Lidia Panico et Anne Solaz
Lidia Panico, chercheure associée, et Anne Solaz, directrice de recherche à l’Ined, ont répondu à nos questions sur l’impact du mode de garde sur le développement des enfants.
Quels sont les enjeux de la petite enfance en termes de développement ?
La petite enfance est une étape cruciale du développement du cerveau qui façonne le bien-être cognitif, physique, social et émotionnel tout au long de la vie. En outre, des soins de qualité dès la petite enfance peuvent avoir des effets directs et indirects sur le développement de l’enfant. L’étude longitudinale française pour l’enfance (Elfe), qui suit près de 18 000 enfants de la naissance à l’âge adulte, permet de mieux comprendre comment l’environnement, l’entourage familial, les conditions de vie, ou encore les modes d’accueil peuvent influencer le développement, la santé et la socialisation de l’enfant. Cette enquête a mis en évidence de fortes disparités socio-économiques dès les premières années de vie, bien visibles en terme par exemple de développement du langage. Alors qu’en moyenne, aux alentours de l’âge de 2 ans, les enfants connaissent 74 mots parmi une liste de 100 mots proposés, ceux dont la mère a un niveau de diplôme inférieur au BEPC en connaissent 4 de moins tandis que
ceux dont la mère a un diplôme Bac+2 ou plus en connaissent 6 de plus.
Y a-t –il des différences selon le mode d’accueil ?
En France, les crèches sont très appréciées par les familles en raison de la qualification du personnel, des conditions d’accueil et de l’idée selon laquelle elles préparent bien à l’école maternelle - près d’un enfant de moins de trois ans sur cinq est accueilli en crèche. Bien que la majorité des parents aient une préférence pour ce mode d’accueil, il n’arrive qu’en second en termes de recours, après les assistantes maternelles, en raison du manque de places.

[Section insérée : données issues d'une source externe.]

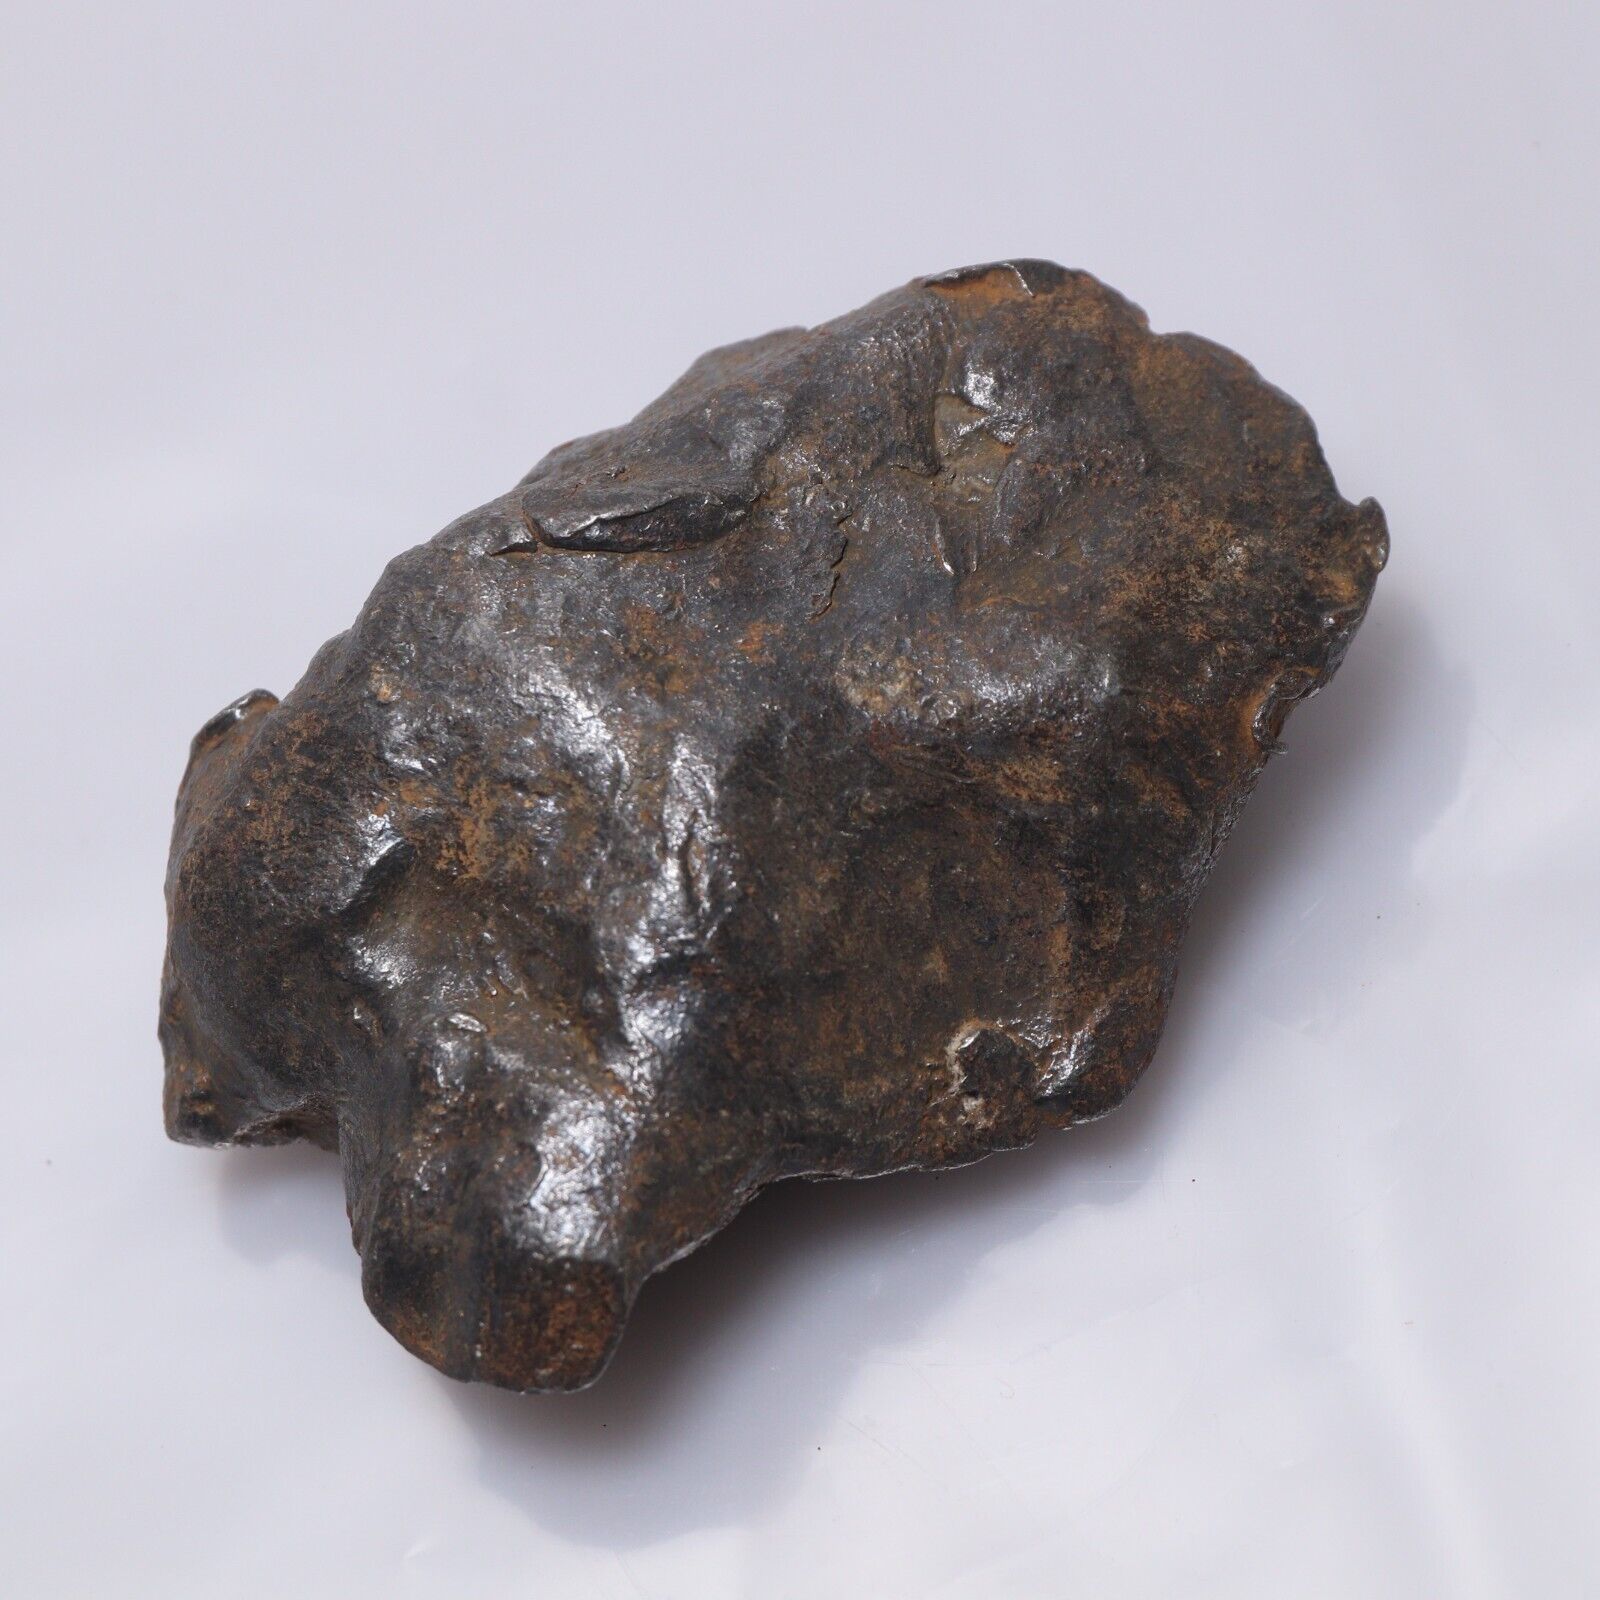 208g Gebel Kamil Meteorite,Egypt,Iron Meteorite,collection,Space Gift N3914

L’analyse des données issues de l’enquête Elfe par des méthodes économétriques met en évidence que le fait d’être accueilli à un an en crèche améliore l’acquisition du langage mesuré un an plus tard. Les effets sont de moindre ampleur pour les autres domaines. Les enfants qui fréquentent une crèche montrent des capacités motrices
légèrement supérieures à ceux qui bénéficient d’autres formes d’accueil. Toutefois, s’agissant du comportement, les enfants accueillis en crèche présenteraient en moyenne un peu plus de difficultés par rapport aux enfants bénéficiant d’autres modes d’accueil.

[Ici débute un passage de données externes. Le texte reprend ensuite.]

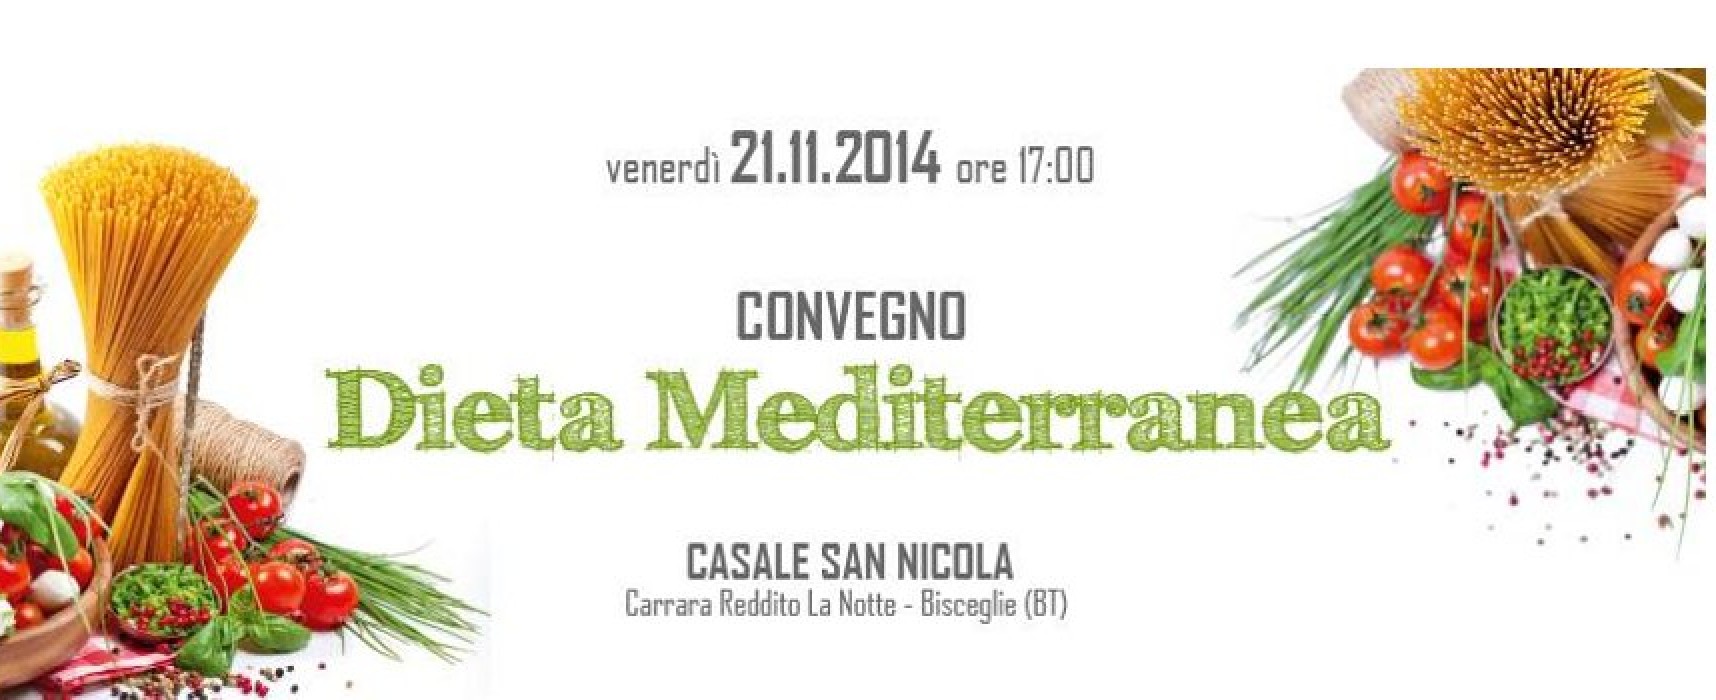 “Dieta Mediterranea”: tutto quello che c’è da sapere domani in un convegno

Dans l’ensemble, les résultats suggèrent que la fréquentation de la crèche est plus bénéfique aux enfants défavorisés qu’à leurs homologues plus favorisés. Dans la mesure où les enfants défavorisés fréquentent moins les crèches que les autres enfants, faciliter leur accès en crèche pourrait donc réduire les disparités socio-économiques précoces dans le développement, en particulier dans le domaine du langage, et, à plus long terme, les inégalités scolaires, salariales et de bien-être
Source : Lawrence M. Berger, Lidia Panico et Anne Solaz, 2021, "The Impact of Center-Based Childcare Attendance on Early Child Development: Evidence From the French Elfe Cohort", Demography.